Date: 2007-11-01 05:32 pm (UTC)
From: [identity profile] serenah20.livejournal.com
"During the course of these hijinks, many of the people would imitate the fairies and go from house to house begging for treats. Failure to supply the treats would usually result in practical jokes being visited on the owner of the house. Since the fairies were abroad on this night, an offering of food or milk was frequently left for them on the steps of the house, so the homeowner could gain the blessings of the "good folk" for the coming year. Many of the households would also leave out a "dumb supper" for the spirits of the departed.(5) The folks who were abroad in the night imitating the fairies would some- times carry turnips carved to represent faces. This is the origin of our modern Jack-o-lantern."

(no subject)

Date: 2007-11-01 05:38 pm (UTC)
From: [identity profile] moorewr.livejournal.com
I think you miss my meaning. Halloween was busy being tamed in the 1930s and before. Turns out you can make money off of it.

So, ahem: 9/11, if you will, has nothing to do with 9/11.

You asked what is being repressed; I said modern America is afraid of sex and death (and what else is there?), and I tied in the totally irrational fear behavior that masquerades as a response to 9/11.

(no subject)

Date: 2007-11-01 05:58 pm (UTC)
From: [identity profile] flouritephoenix.livejournal.com
You'd better be talking about packaged, homogenized Tinkerbell from the t-shirts. Certainly not the one of the play and the book. Even the Disney-ized Tink tries to get the Lost Boys to shoot the Wendy-bird out of the sky with arrows. Tink's a true fairy. You're just, with most of America, remembering the wrong parts of her.

The most disturbing reoccurring "sexy" costume last night was "Sexy Mad Hatter." Murrrr? Who even comes up with these things?

Personally, I went as a captured dark fairy, with real iron shackles on my wrists, and people had to lead me around so I wouldn't run off. I spent all night trying to make my friends' offers, and they kept seeing the tricks. Damn shackles.

I felt comfortable there, because the costume, like costumes of old, protected me from whatever was lurking in the corners, because no one wanted to mess with a dark fairy, captured as I was.

(no subject)

Date: 2007-11-01 06:49 pm (UTC)
From: [identity profile] mightydoll.livejournal.com
Yeah, JM Barrie knew all about faeries for sure. I imagine he was probably right taken by the victorian druidic revival too.

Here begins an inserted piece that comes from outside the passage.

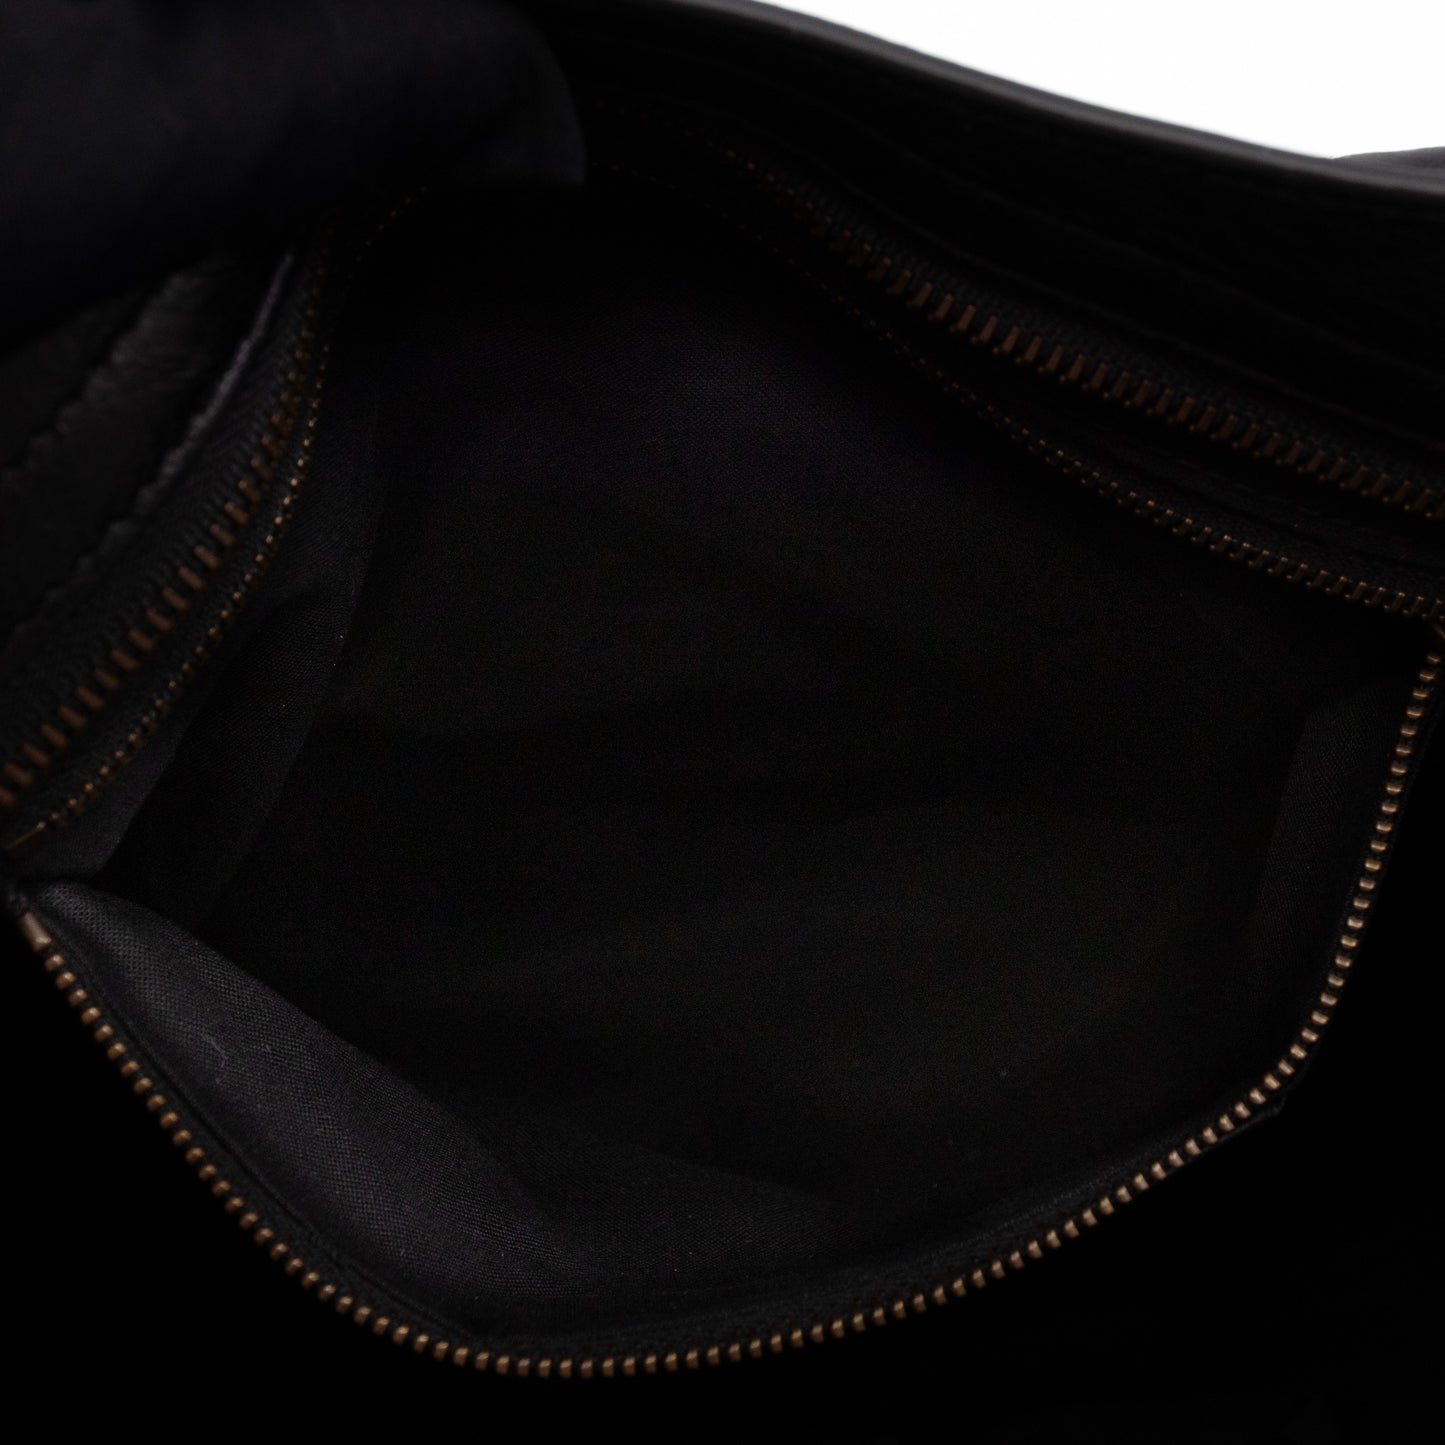 Classic City AJ Bag Logo Strap Black Leather

Tinkerbell was a common fairy so named because she mended the other fairies pots and pans. She is jealous and foul mouthed, too. ;)

(no subject)

Date: 2007-11-01 07:11 pm (UTC)
From: [identity profile] xiphias.livejournal.com
Yeah, but -- Tinkerbell had to try to trick OTHER people into killing Wendy, rather than just offing her herself.

I find Peter Pan one of the most disturbing characters in children's literature. He's a true sociopath. And Tink is Harley Quinn to his Joker.

(no subject)

Date: 2007-11-01 08:37 pm (UTC)
From: [identity profile] nex0s.livejournal.com
Speaking of chaos.

I guess some NYers had some of that ol' Halloween death chaos anyway. No one's died though. Just some blood for the gods.

N.

(no subject)

Date: 2007-11-01 09:42 pm (UTC)
From: [identity profile] marquisedea.livejournal.com
IO SATURNALIA!
zdenka: Miriam with a tambourine, text "I will sing." (Greek Radish)
From: [personal profile] zdenka
Indeed we can. When I was little, I dressed as the goddess Athena for Halloween.

(no subject)

Date: 2007-11-02 03:49 am (UTC)
ext_3472: Sauron drinking tea. (fight the system)
From: [identity profile] maggiebloome.livejournal.com
You're right, there's a pattern. And in this day and age we make patterns fast. Everything you're saying applies to the Mardis Gras and International Zombie Day. The Other, when it's made into routine, doesn't last.

The answer, then, is to be the Other all the time.

(or, failing that, because we're only human - haphazardly and unexpectedly, whenever the hell we want.)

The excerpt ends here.